Don't know if your blower is same as mine, but, for mine, on the air intake side opening, I hang (or attach) a regular furnace filter.  I actually buy a 14"x20"x1" and cut it in half (14"x10") to get two filters from one.  I use either MERV 7 or 8.  The suction of the fan actually will hold the filter to the housing, but I kind of hang mine on the protective screen that's on there.

Up until about a week ago we had a pet cat (Big Boy) but he also is no longer with us.  (He was 15 yrs old).  I was amazed at the cat hair that would accumulate and also my stove is in my wood shop area so sawdust dust is being caught by that filter.  Been replacing it about every 10 days.  But now with cat gone, it might last longer. 
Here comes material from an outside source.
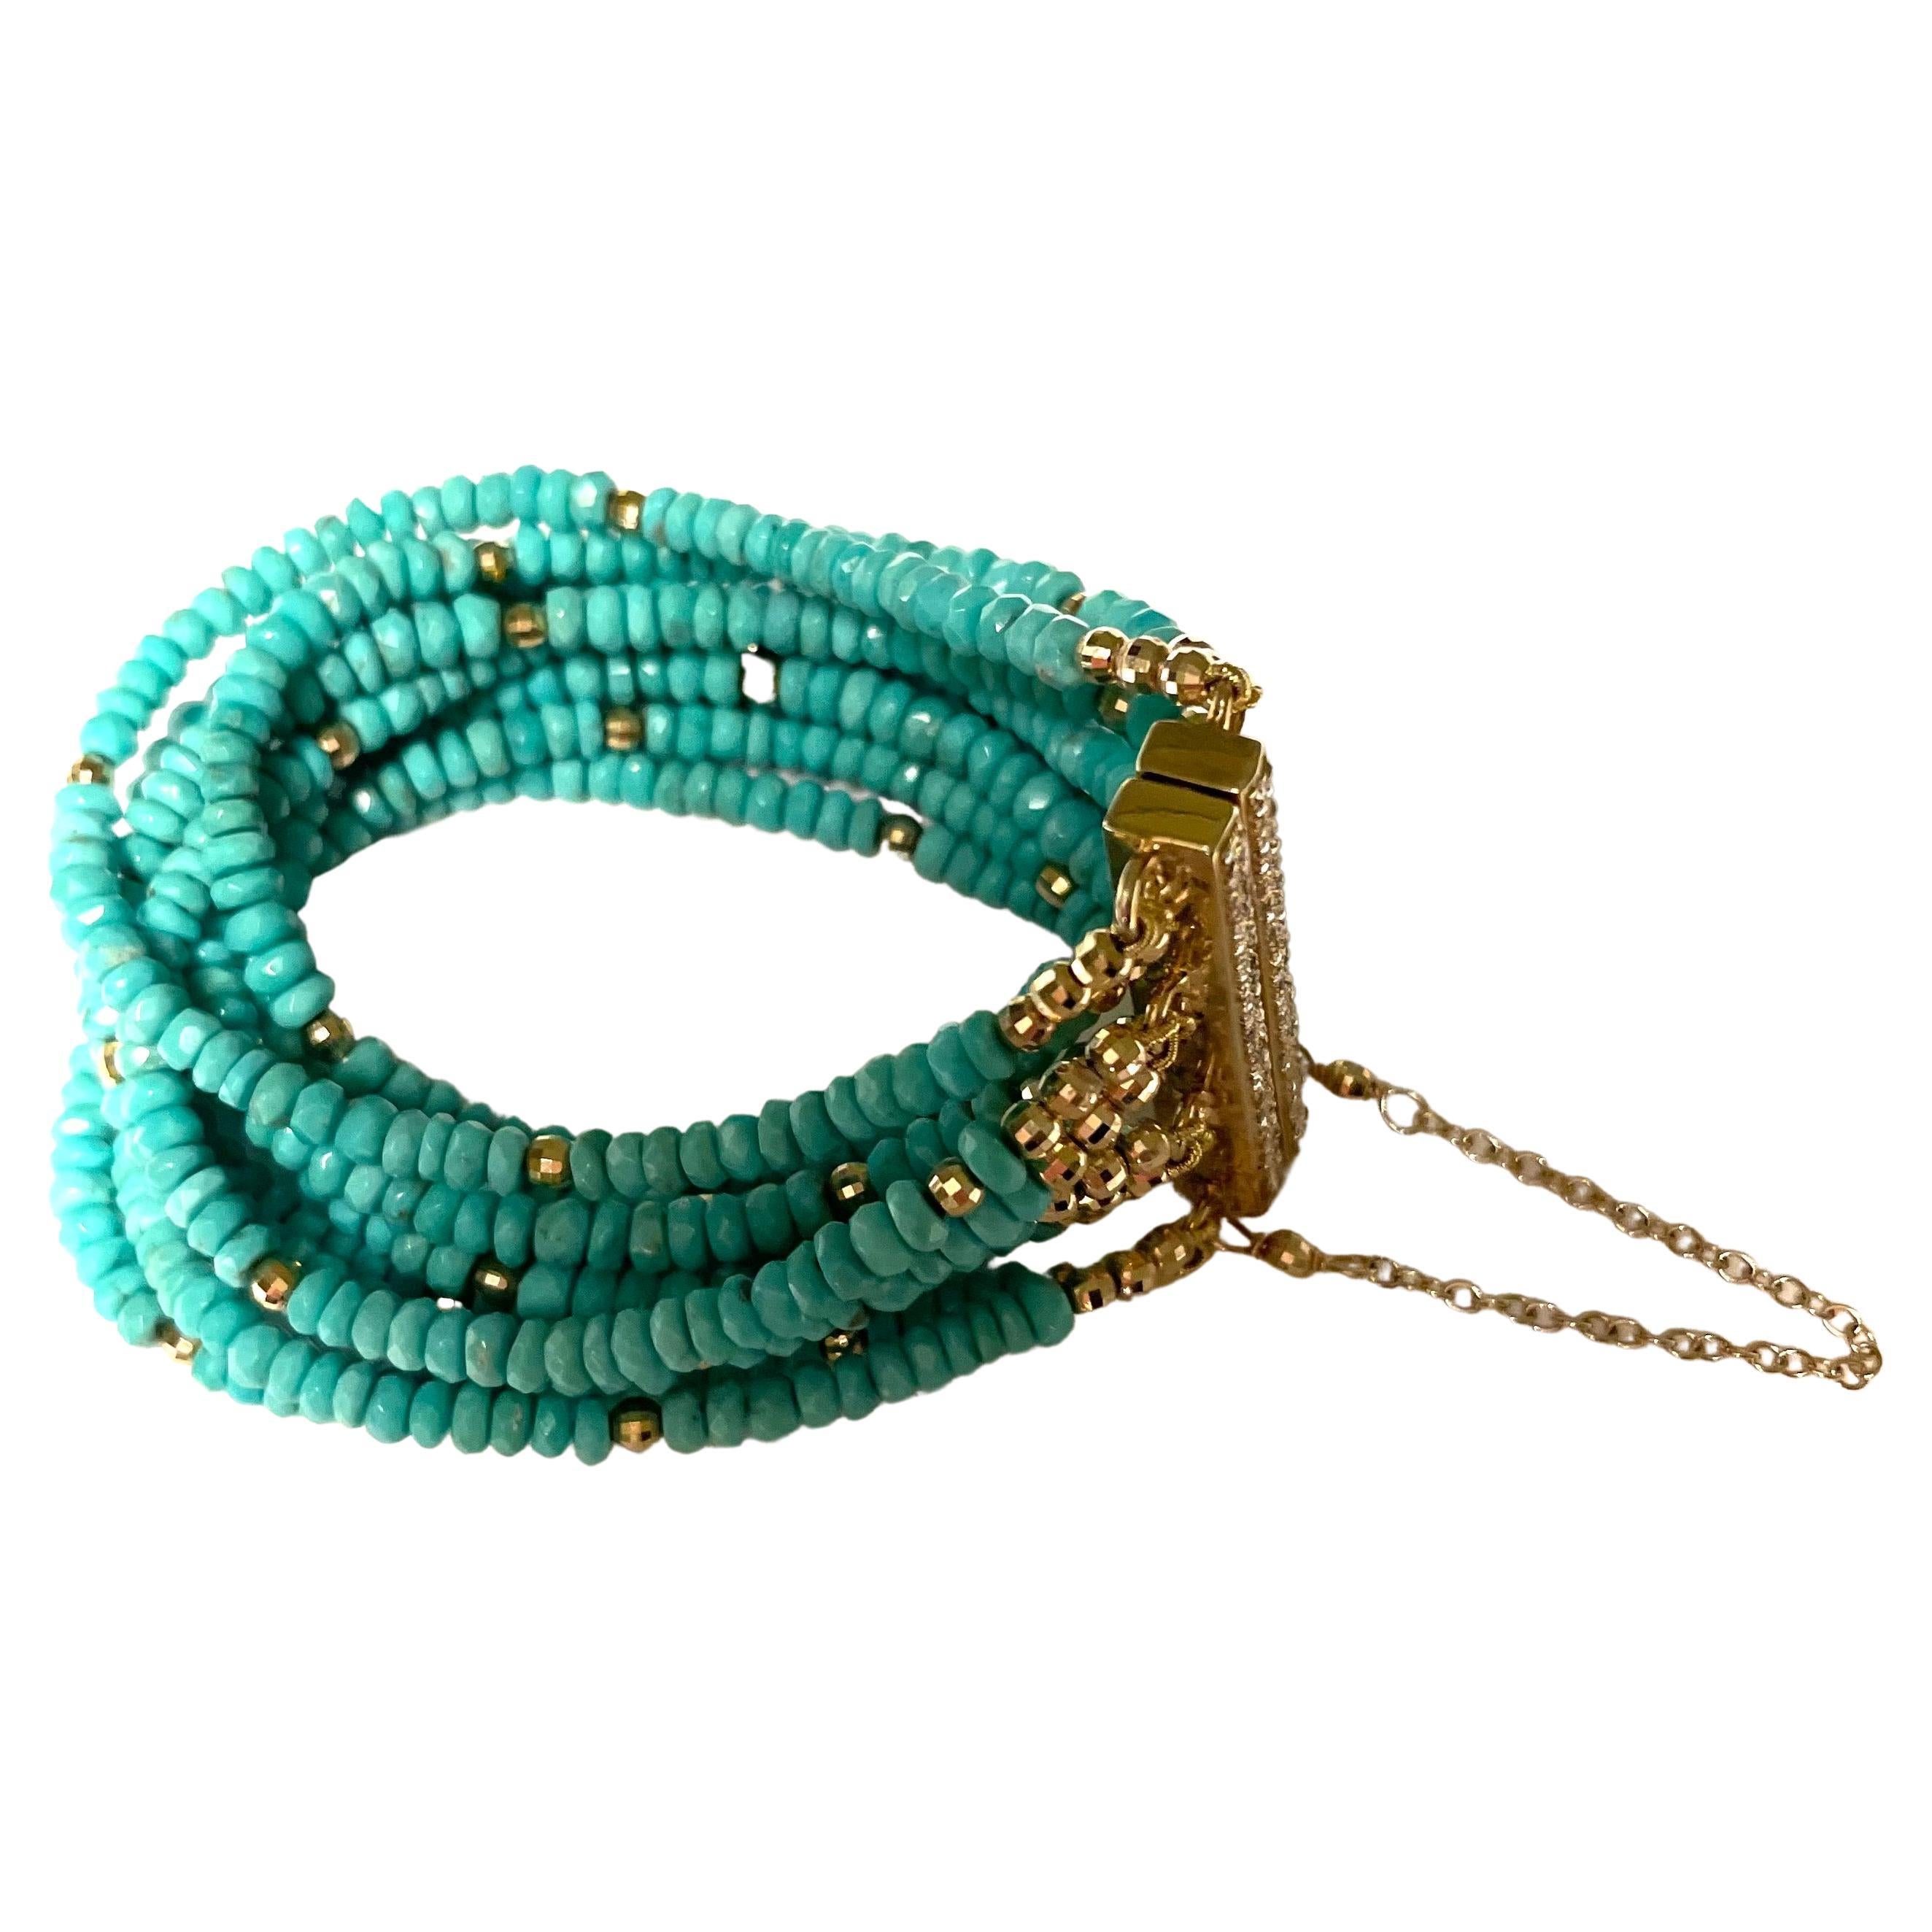 Bead Sleeping Beauty Turquoise with 14k Gold Balls Bracelet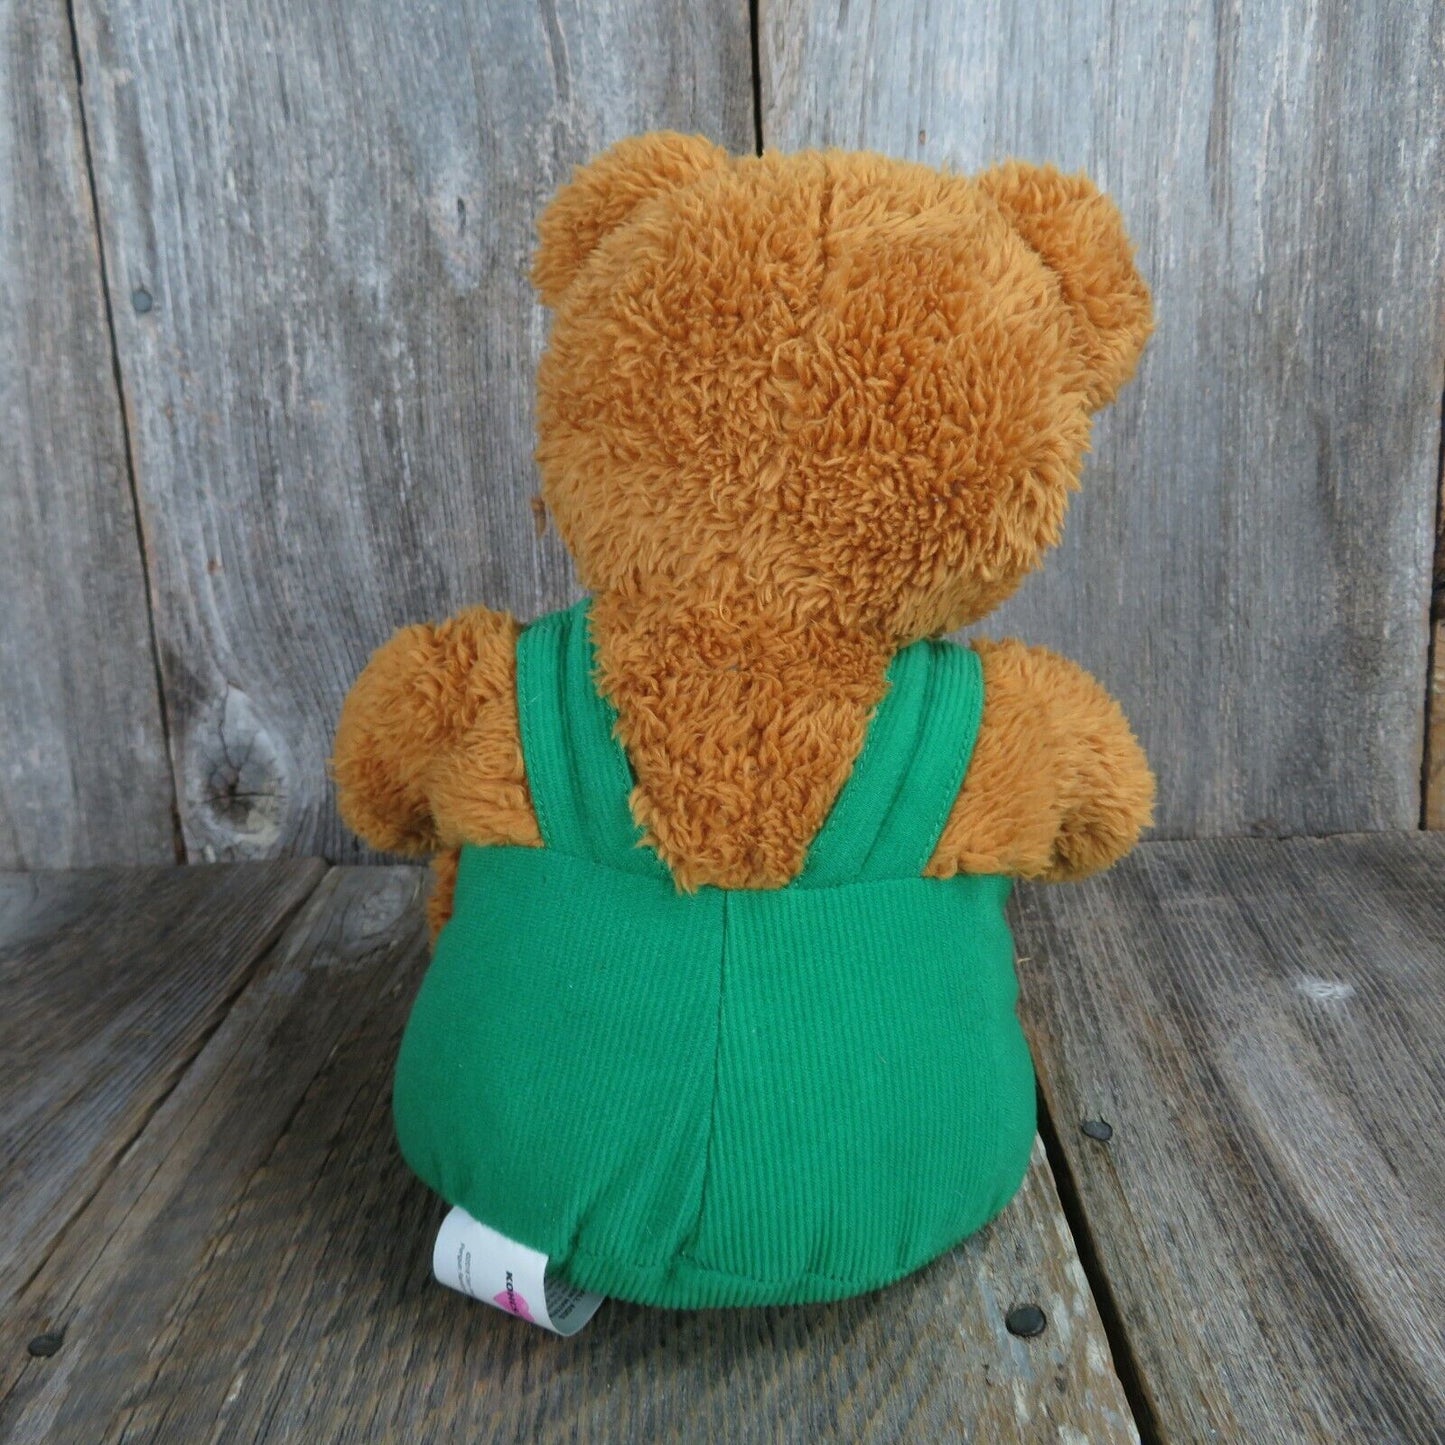 Kohls Cares Corduroy Teddy Bear Green Overalls Plush Stuffed Animal Toy 2016

My fan motor has 2 tubes, one leading to the front bearing and one leading to rear bearing.  Every so often I'll add a few drops into these tubes.  Hopefully it's getting to the bearings.  I think you have to be careful on the weight of the oil you use.  I saw the other day there is a regular dedicated fan oil available.  I've been using 20 W motor oil (recommended by stove mfg.)  Had bearings replaced once in 30+ years.
I have a couple extra motors I picked up over the years, sitting on the shelf, just in case.


----------



## tickbitty (Jan 25, 2014)

Fins59 said:


> Don't know if your blower is same as mine, but, for mine, on the air intake side opening, I hang (or attach) a regular furnace filter.  I actually buy a 14"x20"x1" and cut it in half (14"x10") to get two filters from one.  I use either MERV 7 or 8.  The suction of the fan actually will hold the filter to the housing, but I kind of hang mine on the protective screen that's on there.
> 
> Up until about a week ago we had a pet cat (Big Boy) but he also is no longer with us.  (He was 15 yrs old).  I was amazed at the cat hair that would accumulate and also my stove is in my wood shop area so sawdust dust is being caught by that filter.  Been replacing it about every 10 days.  But now with cat gone, it might last longer.
> 
> ...



Sorry about your old kitty.  :-(
Our blower has a kind of rounded front, and looks like this: If I wanted to put a filter on it, I'd have to get it to go around the corners I guess... maybe I could squeeze one in on the inside but that would mean taking the thing off pretty frequently and that's not easy to do either!


----------



## Fins59 (Jan 25, 2014)

Just noticed you have an insert.  Totally different fan than mine.  Can't see offhand how you could hook up a filter.
  You would think mfg would come up with something.


----------